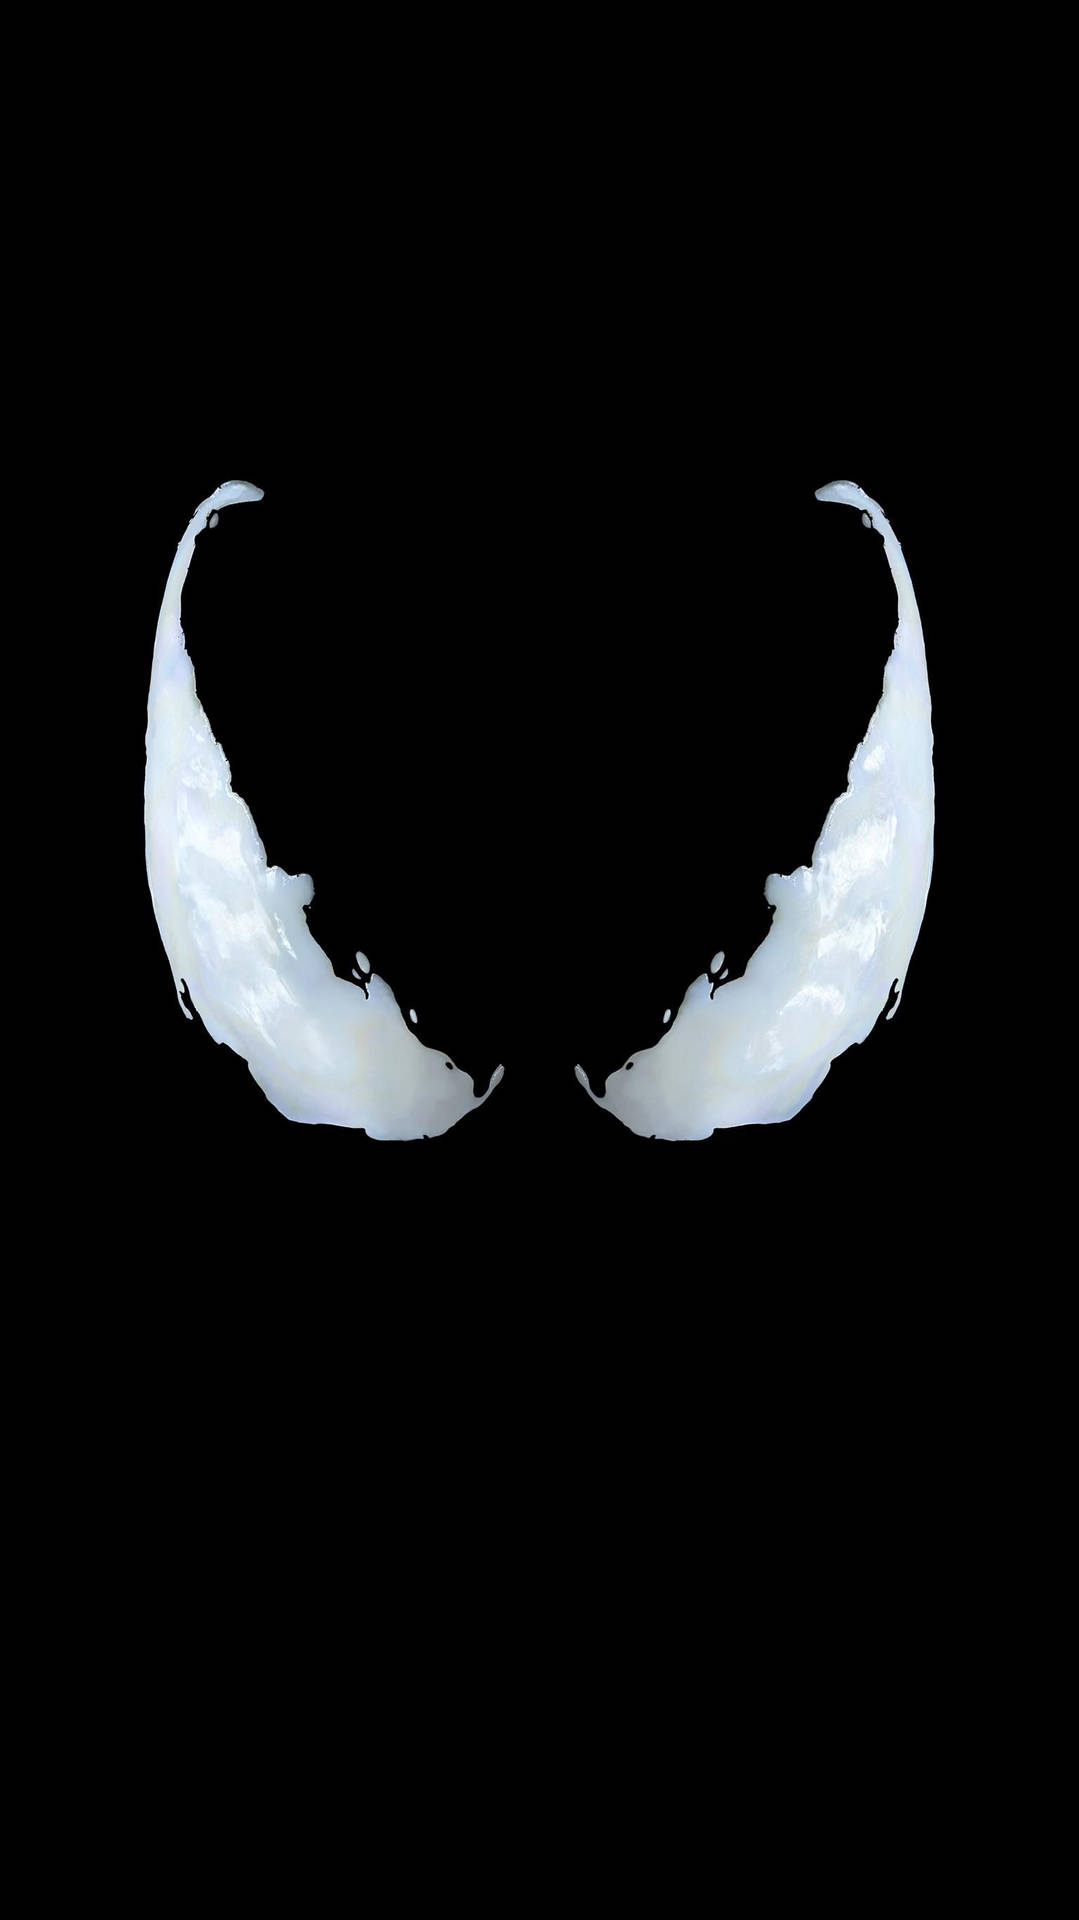 Venom Movie Iconic White Eyes Background
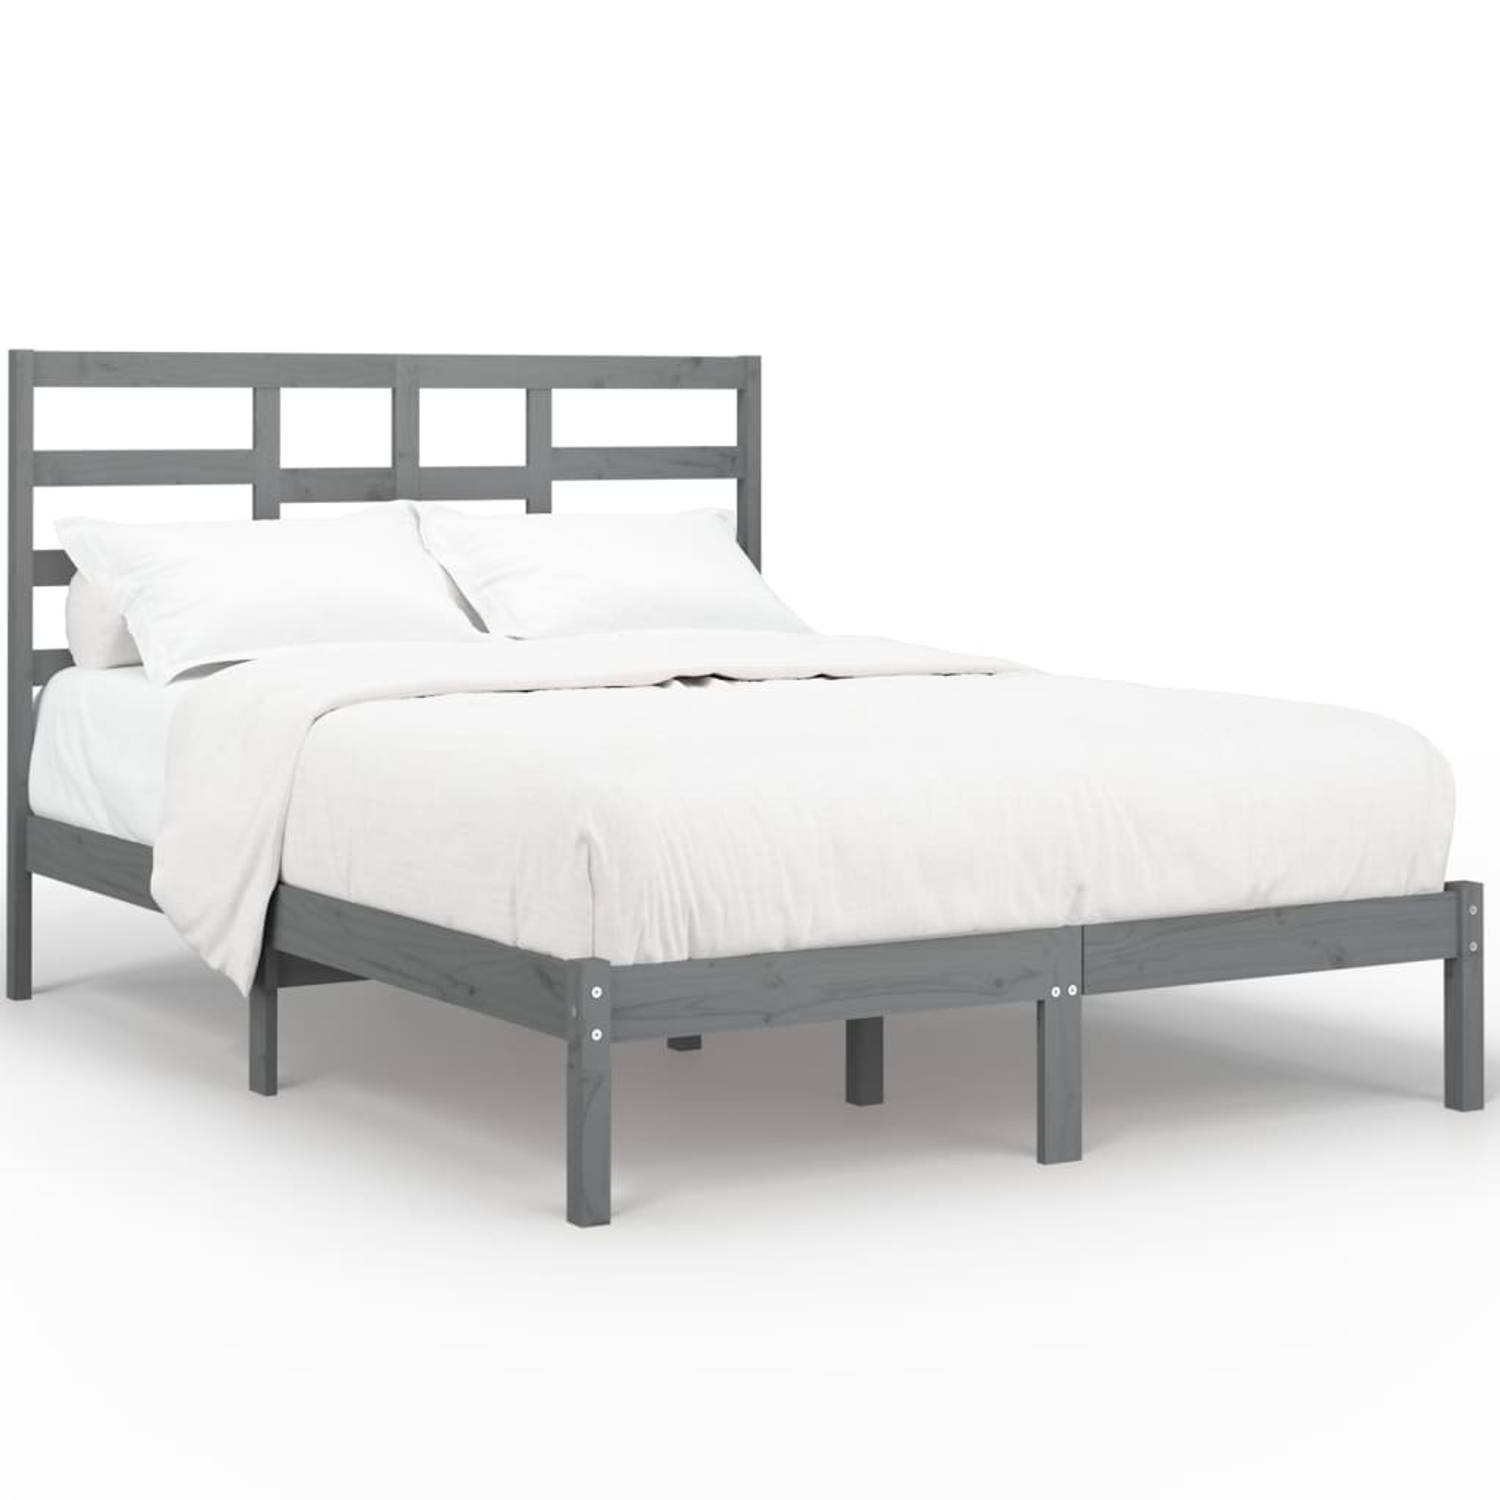 The Living Store Bedframe massief hout grijs 140x190 cm - Bedframe - Bedframes - Bed - Bedbodem - Ledikant - Bed Frame - Massief Houten Bedframe - Slaapmeubel - Tweepersoonsbed - B
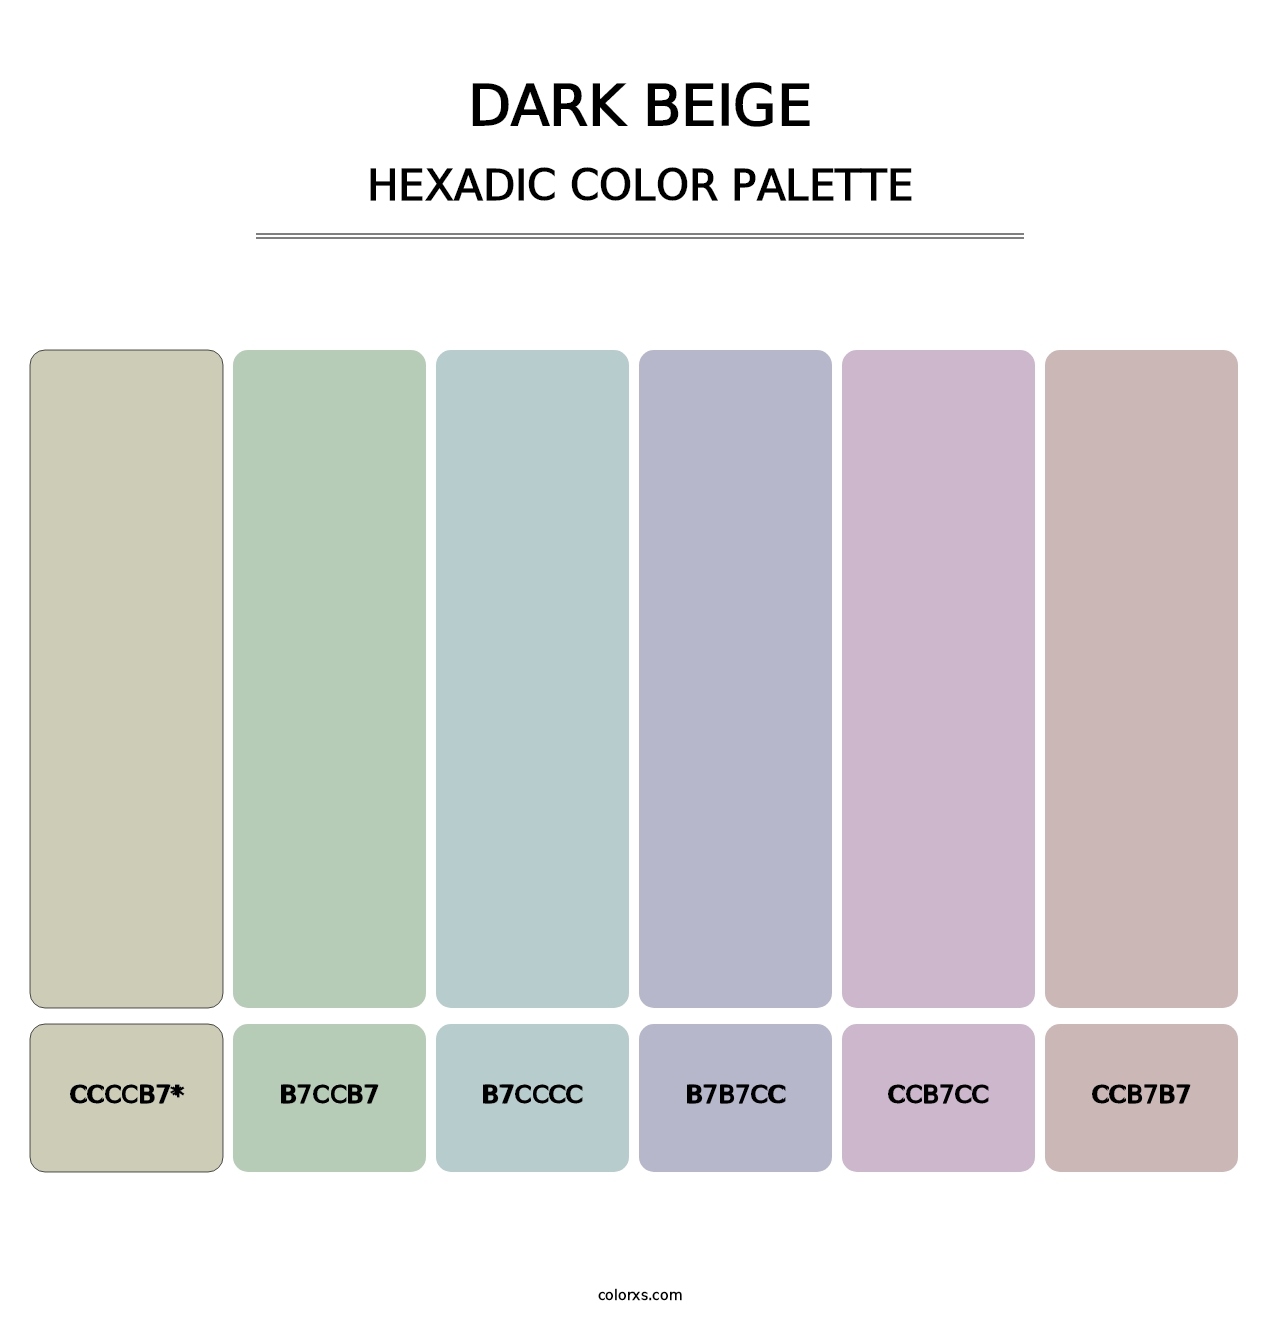 Dark Beige - Hexadic Color Palette
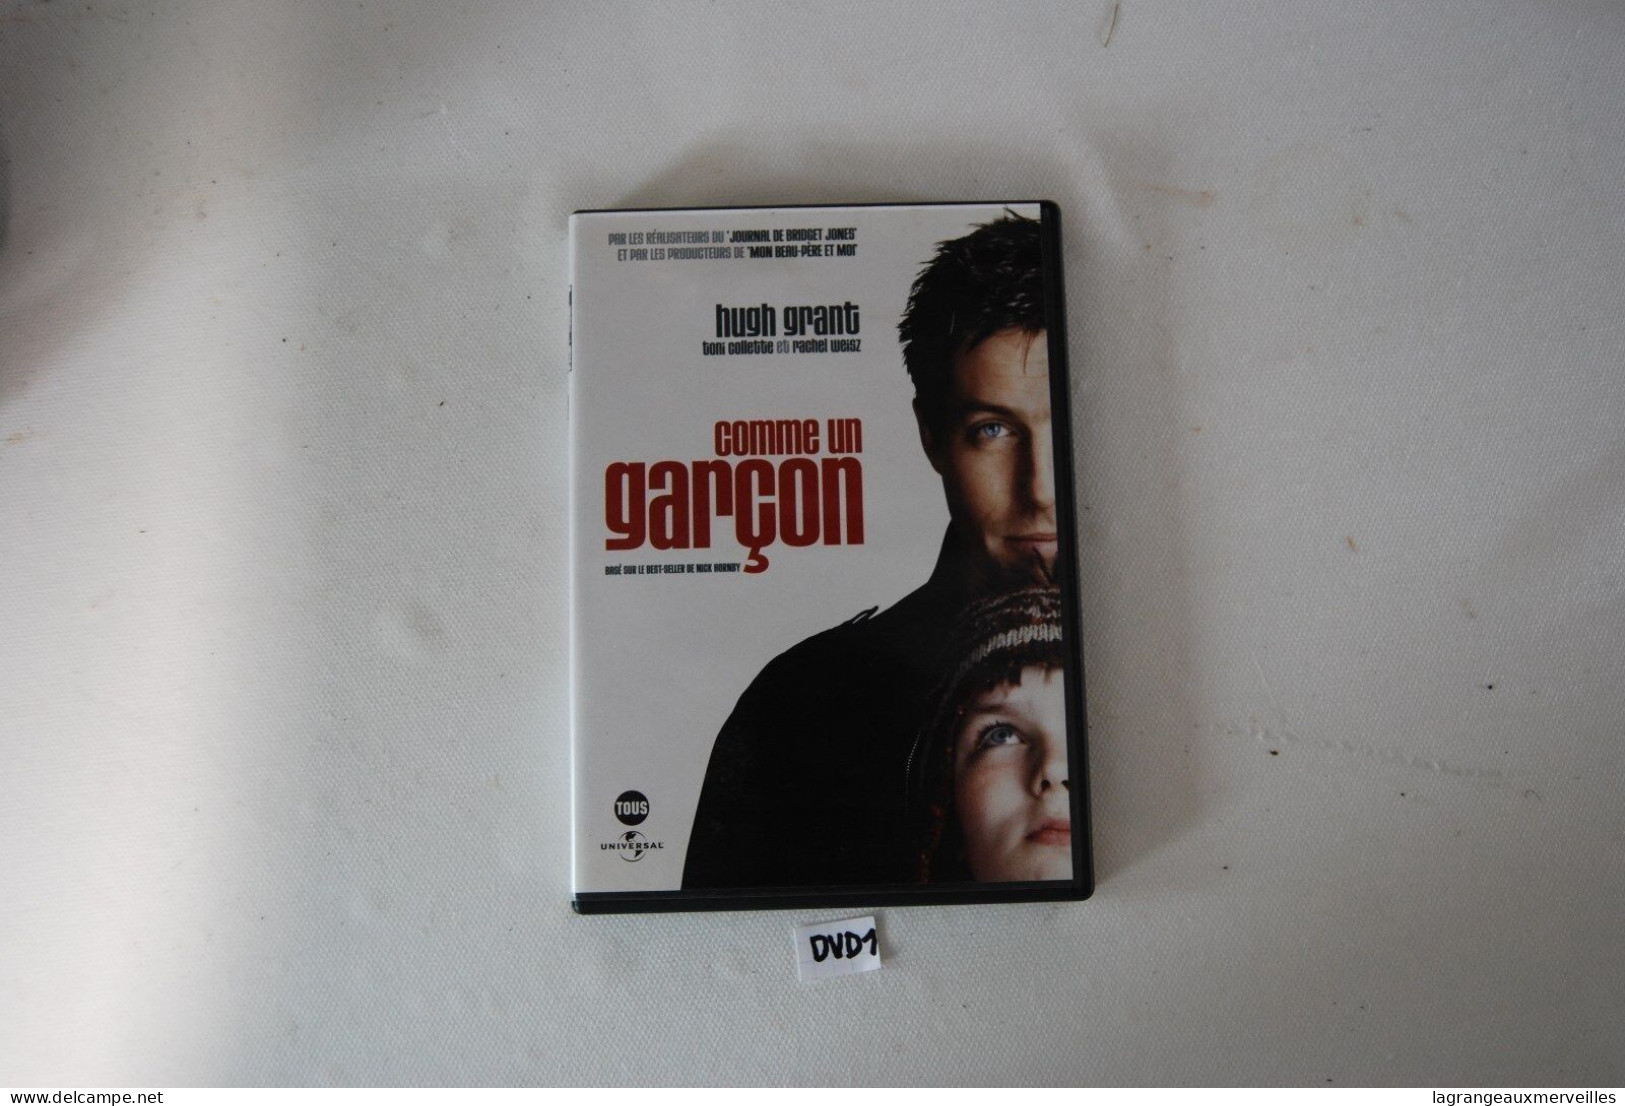 DVD 1 - COMME UN GARCON - HUGH GRANT - Enfants & Famille
##############################
--- TASK DETAILS ---
Everything in the material except the pictures should be restated word for word.

--- RESULT OF THE EXERCISE ---
 Venom Movie Iconic White Eyes Background
 The Living Store Bedframe massief hout grijs 140x190 cm - Bedframe - Bedframes - Bed - Bedbodem - Ledikant - Bed Frame - Massief Houten Bedframe - Slaapmeubel - Tweepersoonsbed - B
 Dark Beige - Hexadic Color Palette
 DVD 1 - COMME UN GARCON - HUGH GRANT - Enfants & Famille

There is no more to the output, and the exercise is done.